International career
- Years: Team / Apps / (Points)
- 2004–2005: Ireland U21
- 2005–2008: Ireland A / 4 / (5)
- 2004–2017: Ireland / 69 / (150)
- 2009, 2013: British & Irish Lions / 5 / (0)
- Correct as of 10 March 2017

= Tommy Bowe =

Ireland international rugby union player

Thomas John Bowe (born 22 February 1984) is a former Irish rugby union player from County Monaghan, Ireland who has successfully transitioned into business, media and podcasting.

He played on the wing for Ulster, Ospreys, Ireland and the British & Irish Lions.

After his playing career, Bowe has taken up television presenting, and is a host of morning television show Ireland AM alongside running successful brands in the footwear and clothing industry.

==Career==
===Early career===
A former pupil of The Royal School, Armagh, Bowe was a schoolboy provincial full-back, only converting to wing whilst playing for Ireland U-21s.

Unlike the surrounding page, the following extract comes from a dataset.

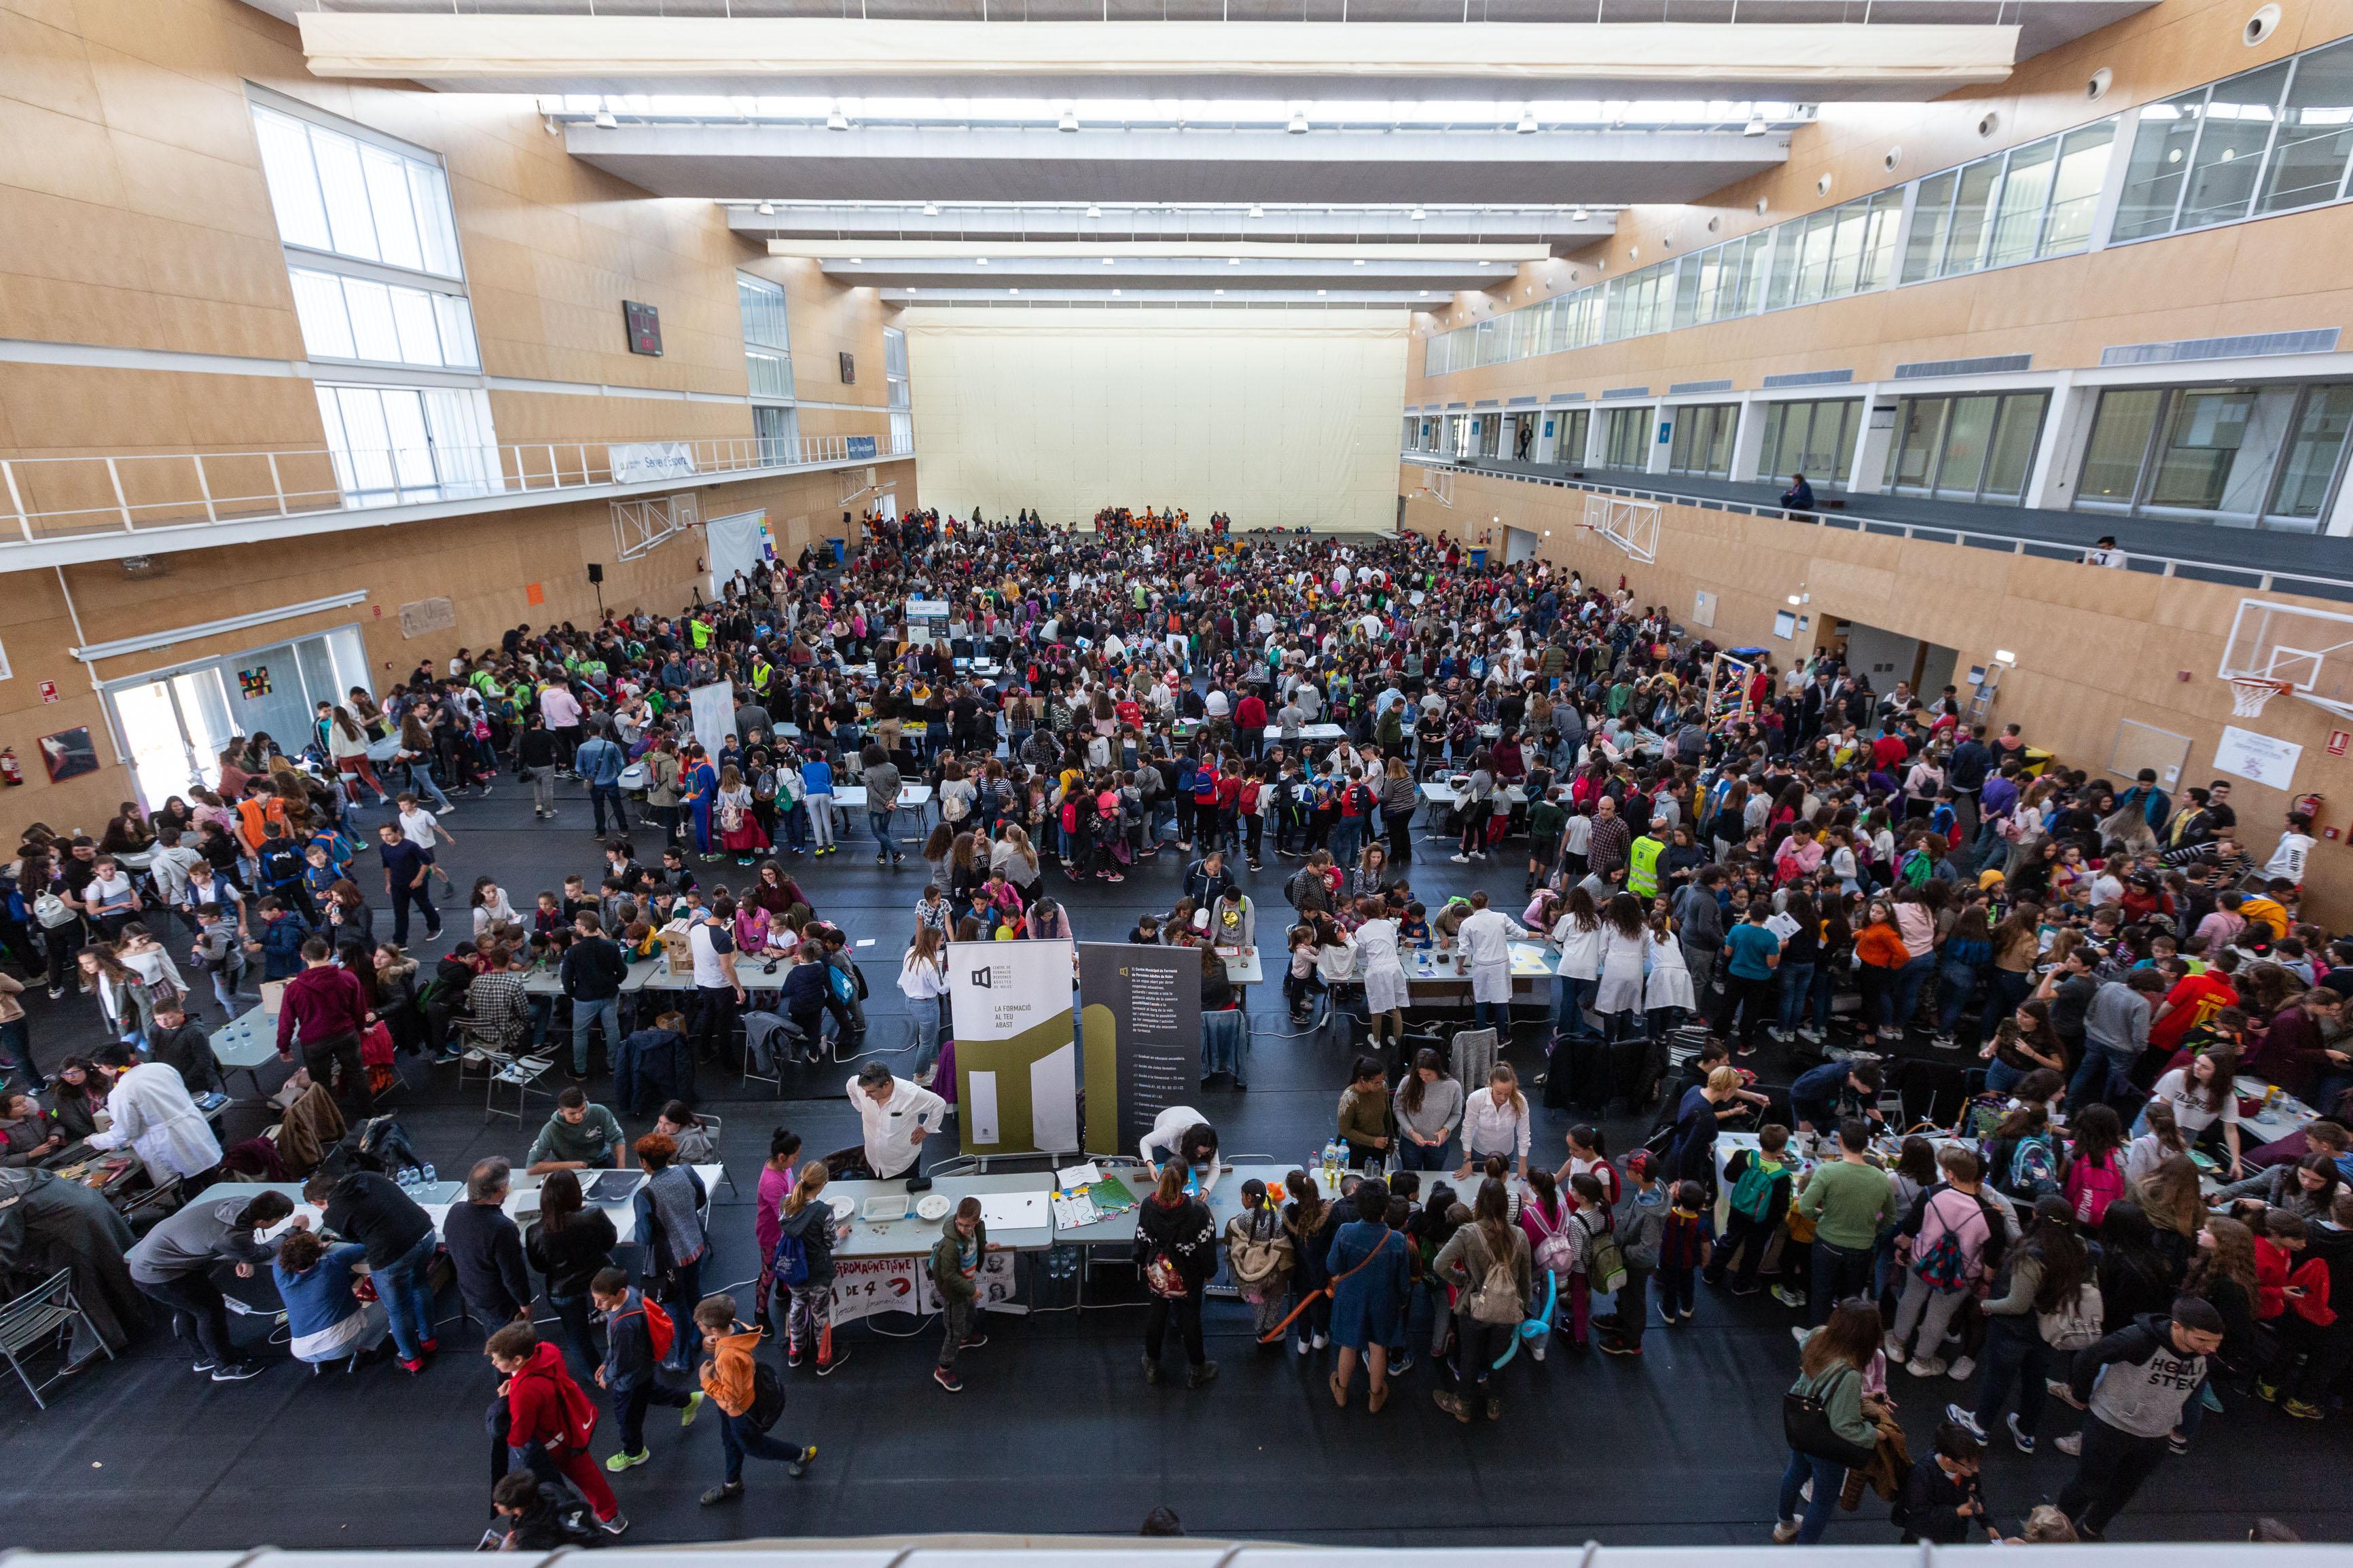 Imagen destacada Firujiciència reúne a 3.000 escolares que contactaron con la ciencia en 75 talleres

Bowe also ran for the Glaslough Harriers and represented his local parish Donagh in the All-Ireland Community Games.

Bowe played Gaelic football from under-10 level with Emyvale, his local GAA club, and later represented Monaghan at under-16 and Minor level. He also played rugby with Monaghan RFC at underage levels, as well as representing his primary school team.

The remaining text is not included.